Here's a free online converter.

http://www.epubconverter.com/kindle-to-epub-converter/


----------



## Joel_BC (Nov 10, 2009)

Nevada, I went to the site you gave the link for. Thanks.

I'm having trouble picking up a Kindle file I downloaded with the "Browse" function on the converter page. On my laptop, I copied the file onto my Desktop from my Amazon "Free Kindle Reader". But I'm having trouble getting it to convert to an epub. Problem: the icon for the file only shows up greyish when I locate it in the browse, and as such I can't select it.

Is it 'locked into' my Kindle reader some way?


----------



## Nevada (Sep 9, 2004)

It should be in wherever folder you download it to. But I've never used Kindle.


----------



## Joel_BC (Nov 10, 2009)

Nevada said:


> It should be in wherever folder you download it to. But I've never used Kindle.


So on the Mac, using Amazon's free Kindle reader, I cannot tell where the computer stores it - there's no deliberate placement (on my part) into a folder. Tried a "Finder search" but that got me nothing.
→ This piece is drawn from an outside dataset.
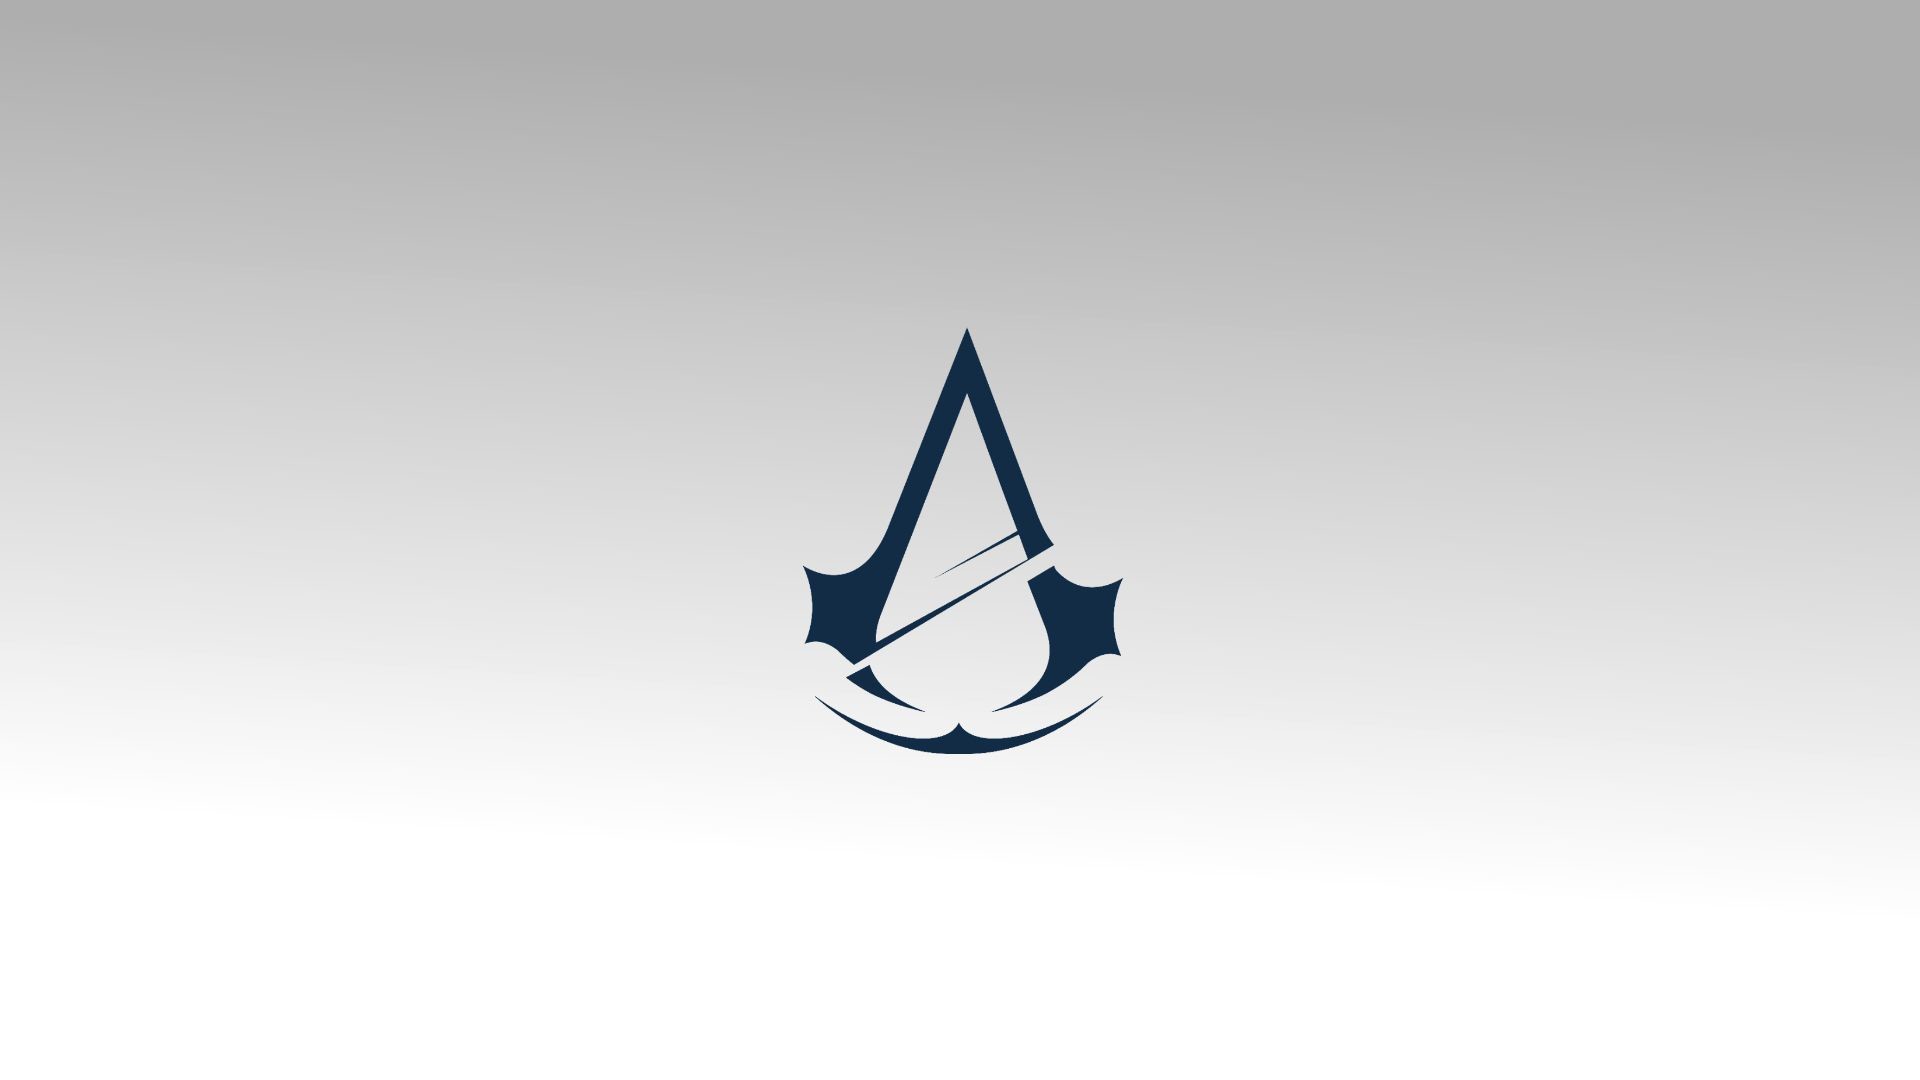 Assasins Creed Wallpaper - Assassin's Creed Logo Wallpaper Hd , HD Wallpaper & Backgrounds

I'd gone into the Kindle reader and highlighted the icon for the book, and copied that onto the desktop - _*but*_ while I _thought_ I'd copied the file, my action only actually copied the icon! :grump:

That's why, when I had browsed for the file, that icon on the desktop was greyish - because, in itself, it was not a Kindle file.


----------



## Nevada (Sep 9, 2004)

Joel_BC said:


> So on the Mac, using Amazon's free Kindle reader, I cannot tell where the computer stores it - there's no deliberate placement (on my part) into a folder. Tried a "Finder search" but that got me nothing.
> 
> I'd gone into the Kindle reader and highlighted the icon for the book, and copied that onto the desktop - _*but*_ while I _thought_ I'd copied the file, my action only actually copied the icon! :grump:
> 
> That's why, when I had browsed for the file, that icon on the desktop was greyish - because, in itself, it was not a Kindle file.
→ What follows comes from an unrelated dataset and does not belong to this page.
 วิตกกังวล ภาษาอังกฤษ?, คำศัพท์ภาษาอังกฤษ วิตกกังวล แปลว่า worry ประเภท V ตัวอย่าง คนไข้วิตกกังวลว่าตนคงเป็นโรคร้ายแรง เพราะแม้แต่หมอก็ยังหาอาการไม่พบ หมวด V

I don't know one end of a Mac from the other. Hopefully someone will come along who knows more about Mac's & Kindle than I know.


----------



## po boy (Jul 12, 2010)

Joel_BC said:


> I've got a Kobo e-reader, which is best suited to reading epub files. I want to access certain eBooks from Amazon, but many are only available (so for as I can tell) as Kindle editions, and the Kobo won't read them.
> 
> I've got a MacBook Pro with OS 10.9.5. I tried downloading free software called Calibre which is said to be useful for the second half of a Kindle-to-epub conversion. I tried the latest version of Calibre for Mac, which is supposed to work with OS 10.8 and later: no soap. I tried an earlier version, but again that didn't work. My computer would not "recognize" the dmg files, and I got the same message on the screen both times.
> 
> ...


 I think kindle for pc or mac uses cloud for storage and you cannot convert from there. 
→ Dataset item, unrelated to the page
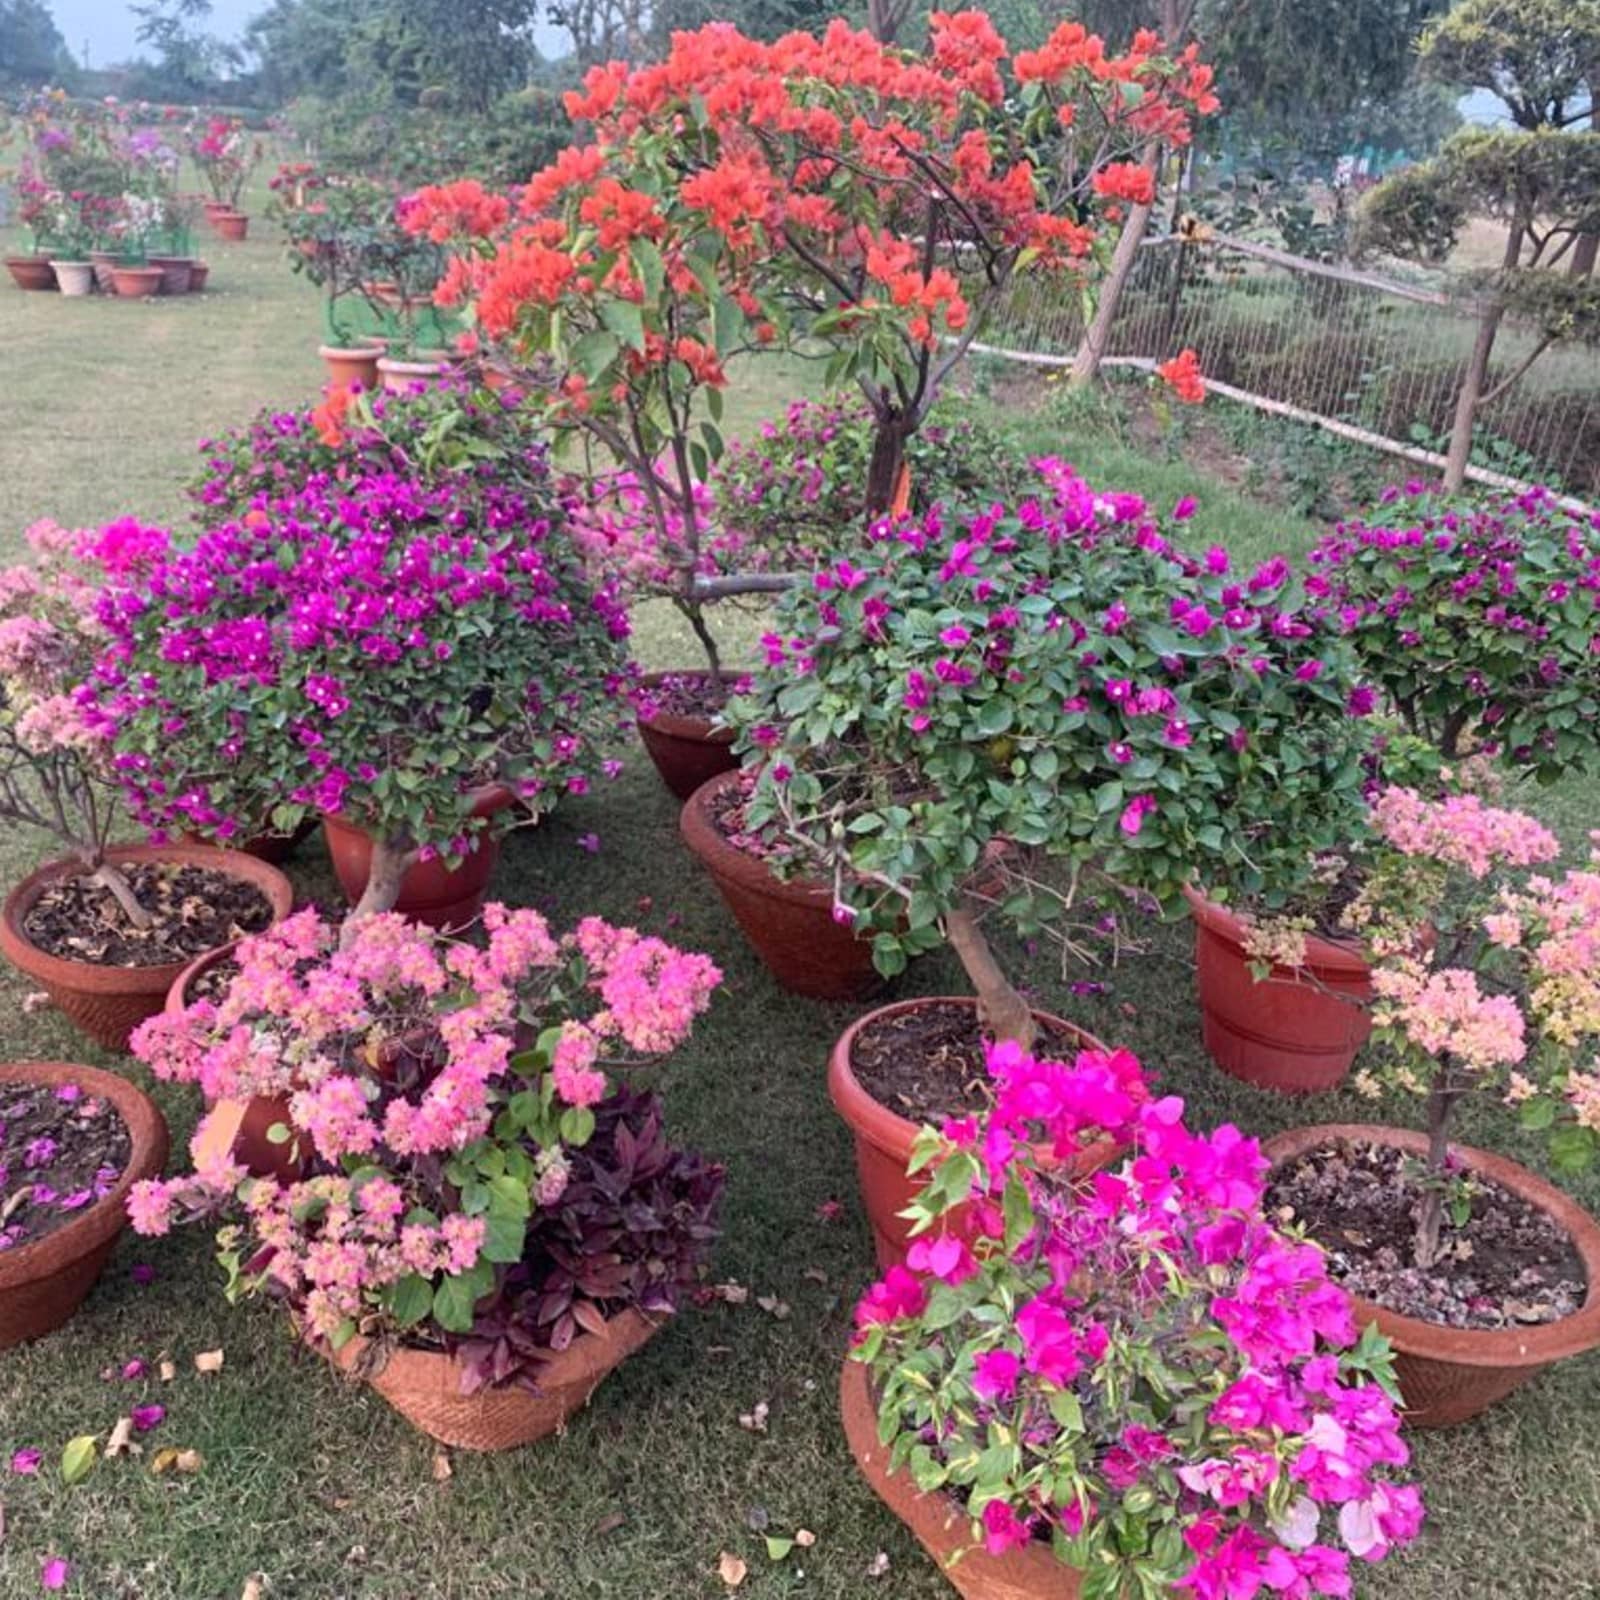  इस दौरान गुलदाउदी के फूल और पौधे भी इस प्रदर्शनी मे रखे गए. डॉ एससी शर्मा ने बोगनवेलिया के इतिहास से परिचय कराते हुए बताया कि यह पौधा लगभग 300 वर्ष पूर्व ब्राजील से भारत लाया गया था.

I have Calibre and move new books on my Kindle to Calibre, however a lot of them are protected (DRM) and you cannot convert those.


----------



## HermitJohn (May 10, 2002)

po boy said:


> I think kindle for pc or mac uses cloud for storage and you cannot convert from there.
> 
> I have Calibre and move new books on my Kindle to Calibre, however a lot of them are protected (DRM) and you cannot convert those.


When you buy a Kindle book, you have the option to put it in the cloud or immediately download it. If you put it in the cloud (your account), you can download it to a kindle device or kindle app at any time. Or use a regular browser (no app needed) to read it online. You only need an app or device IF you want to download it to use offline.

The power of Calibre is how easy it is to modify. It can't convert kindle books out of the box, and there is no OFFICIAL modification on their website to make it do so. Doing so would open them to perpetual lawsuit from Amazon and no doubt bankrupt the owners almost immediately. However there is an UNofficial modification written by somebody unaffiliated with Calibre, that once applied, lets it convert kindle books. Read the fine print, google, and you will eventually find your way if that is what you want to do. 

Remember the whole idea of DRM is to prevent you doing exactly this. Though if you think even briefly about it, if you are looking to beat the system and steal a digital book, you can download nearly any book/movie unprotected from various nefarious sites on the web without paying a dime. The DRM really only affects those that legally buy a Kindle book and want to use it on a non DRM gadget or software app. The honest person is the one that is punished.


----------



## TraderBob (Oct 21, 2010)

po boy said:


> I think kindle for pc or mac uses cloud for storage and you cannot convert from there.
> 
> I have Calibre and move new books on my Kindle to Calibre, however a lot of them are protected (DRM) and you cannot convert those.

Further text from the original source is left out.